Booker nodded. "Listen to them. I did not."

Nile nodded. "But I thought you said you … what happened in 1812?"

Booker shook his head. "That is a whole second story, most of which is unpleasant. I became immortal then."

"He died," Andy said.

"I became immortal then," Booker repeated. "I was hung. I was reported dead. I escaped later."

"He died," Andy repeated. Booker made a disgusted noise and a dismissive wave of his hand.

Andy sniffed the air twice. Nicky moved into the kitchen. "Yes, you are right," he said, although Andy hadn't said anything. "The food will be ready soon."

"And when it is," Joe said, "we can eat outside. I'll get the table set up." Andy moved to help him.

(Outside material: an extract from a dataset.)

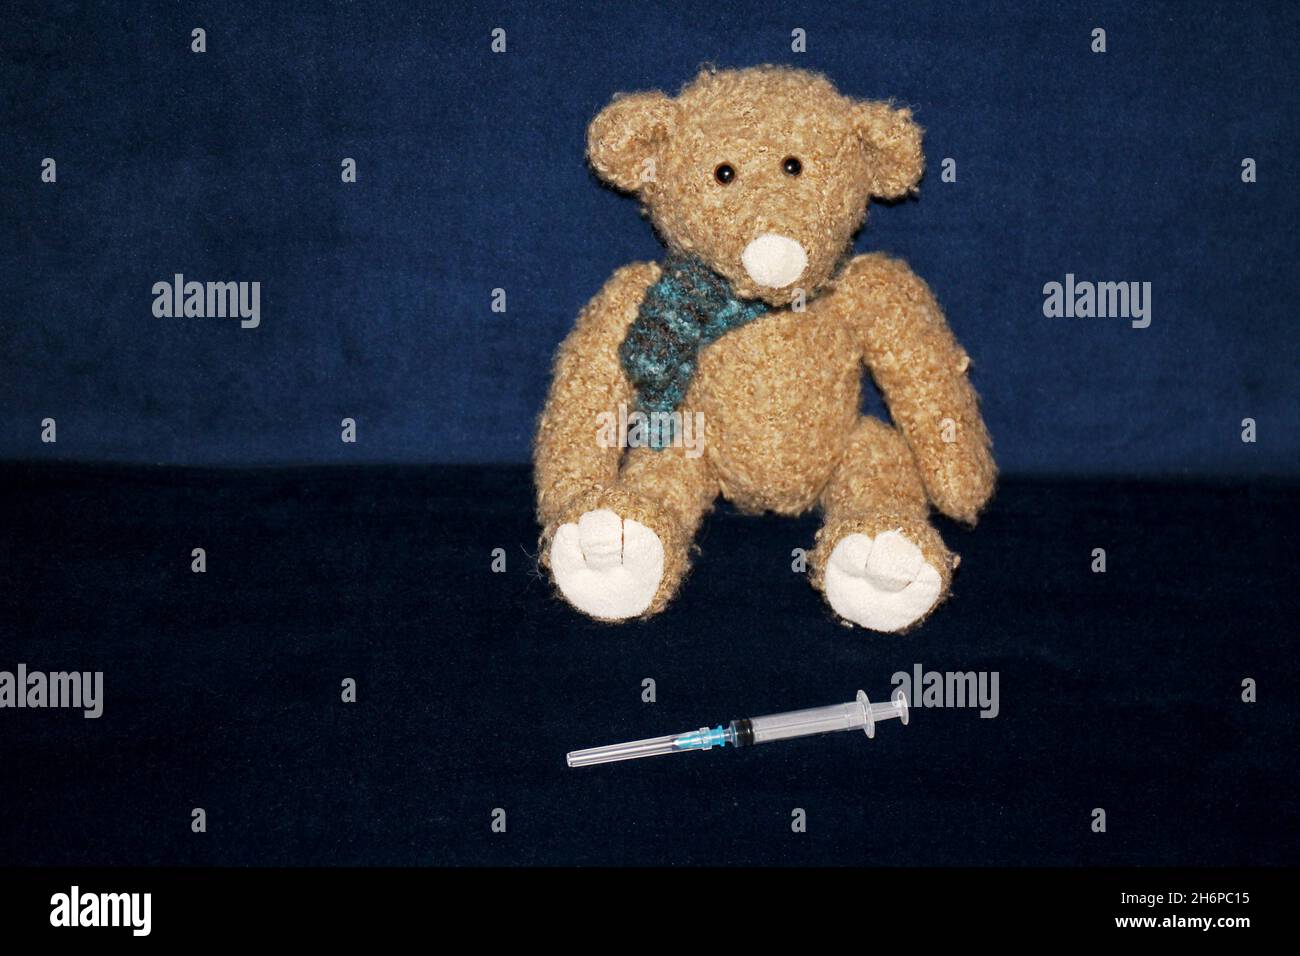 Kuscheltier Teddy sitzend auf einem dunkelblauen Sofa aus Samt. Vor ihm liegt eine Spritze. Stock Photo
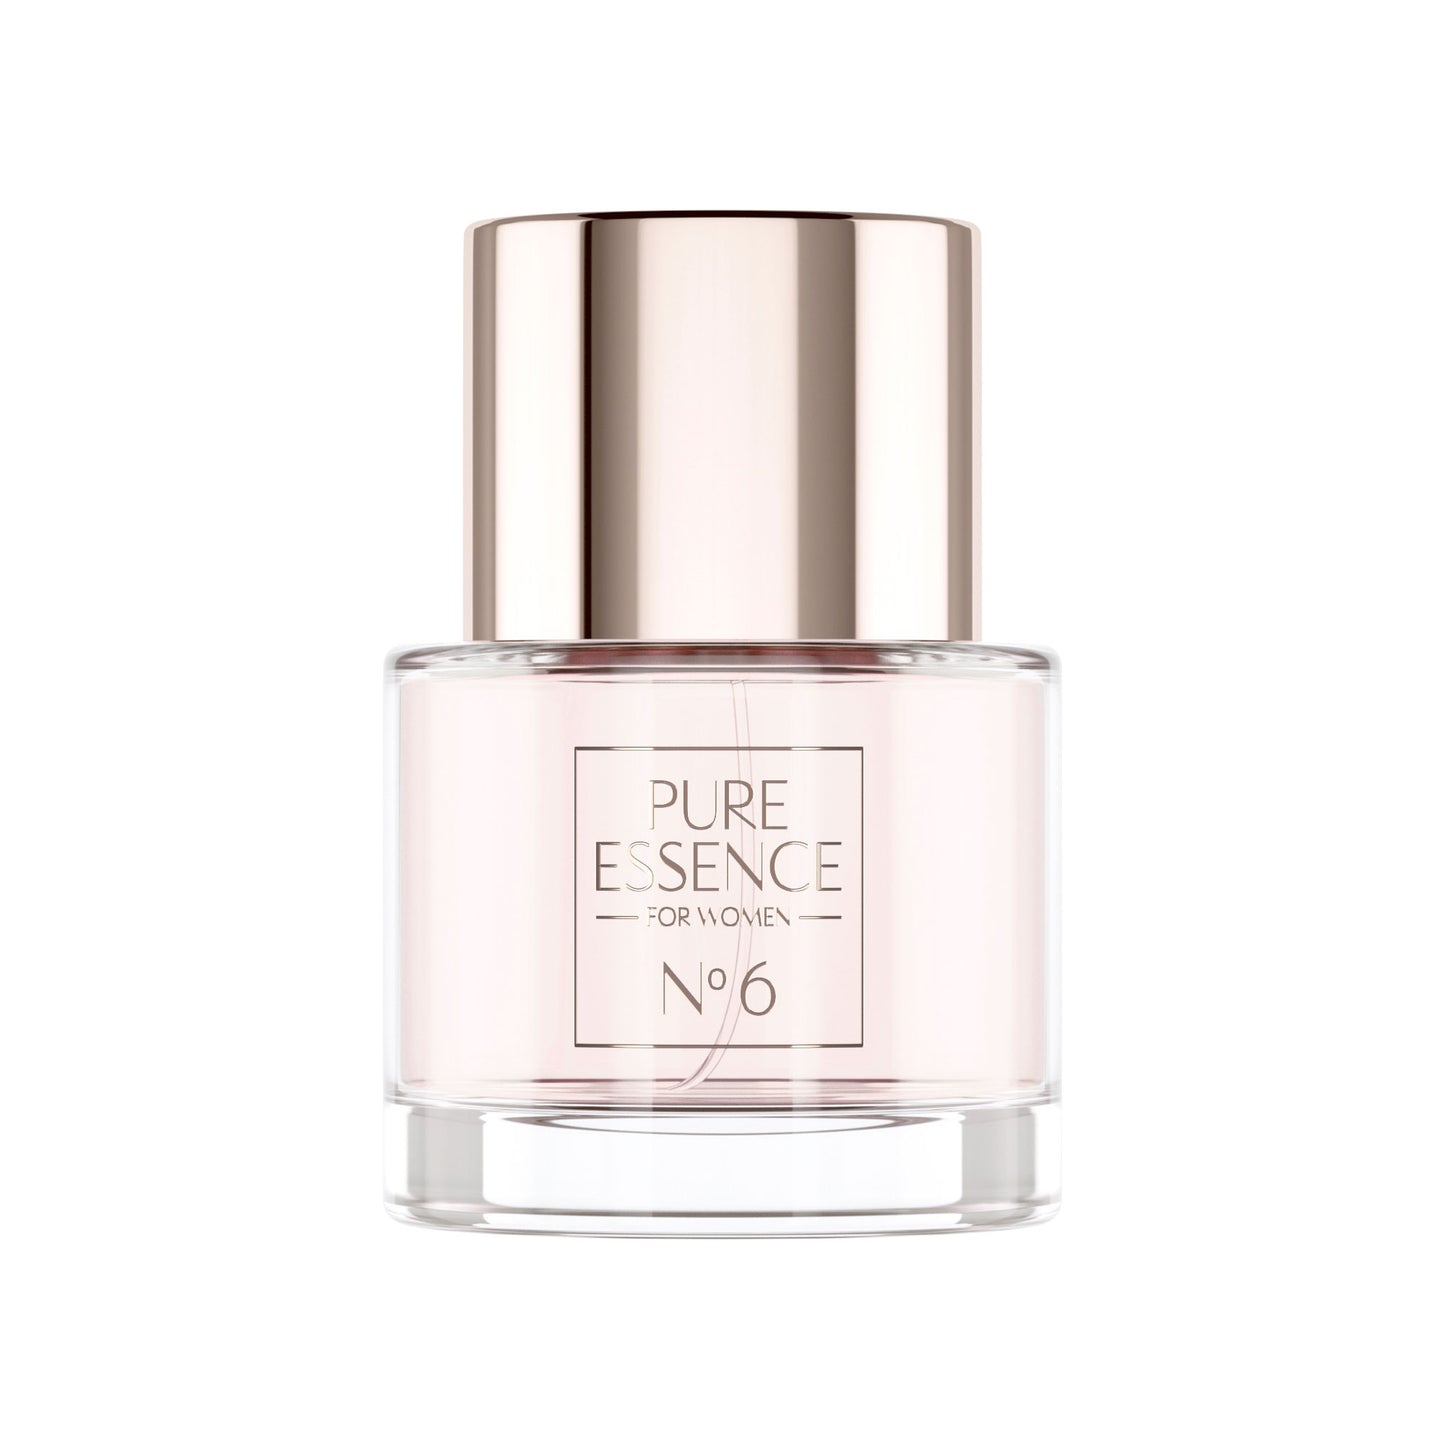 Vitabay Essence Fine Fragrance for Women No. 6 - 50 ml – Eau de Parfum 10% Parfümöl Vaporisateur / S

Booker turned to Nile. He ticked off his fingers as he spoke. "There was the family I was born in, the family I was betrothed to, the one on the streets, the mother of Henri and Rene, the mother of Jean-Pierre, and this one."

"You were betrothed to … what was her name? Lilly?"

"Lille, yes. Only for a few weeks before her illness, but still, they welcomed me as one of them." He regarded his fingers – all curled in but only his pinkie finger touching his palm. "Six."

Nile looked at Andy, who shrugged one shoulder as she carried plates outside and said, "Depending on how you count it."

Nile said, "We get to define who's family. And if he says six, then it's six."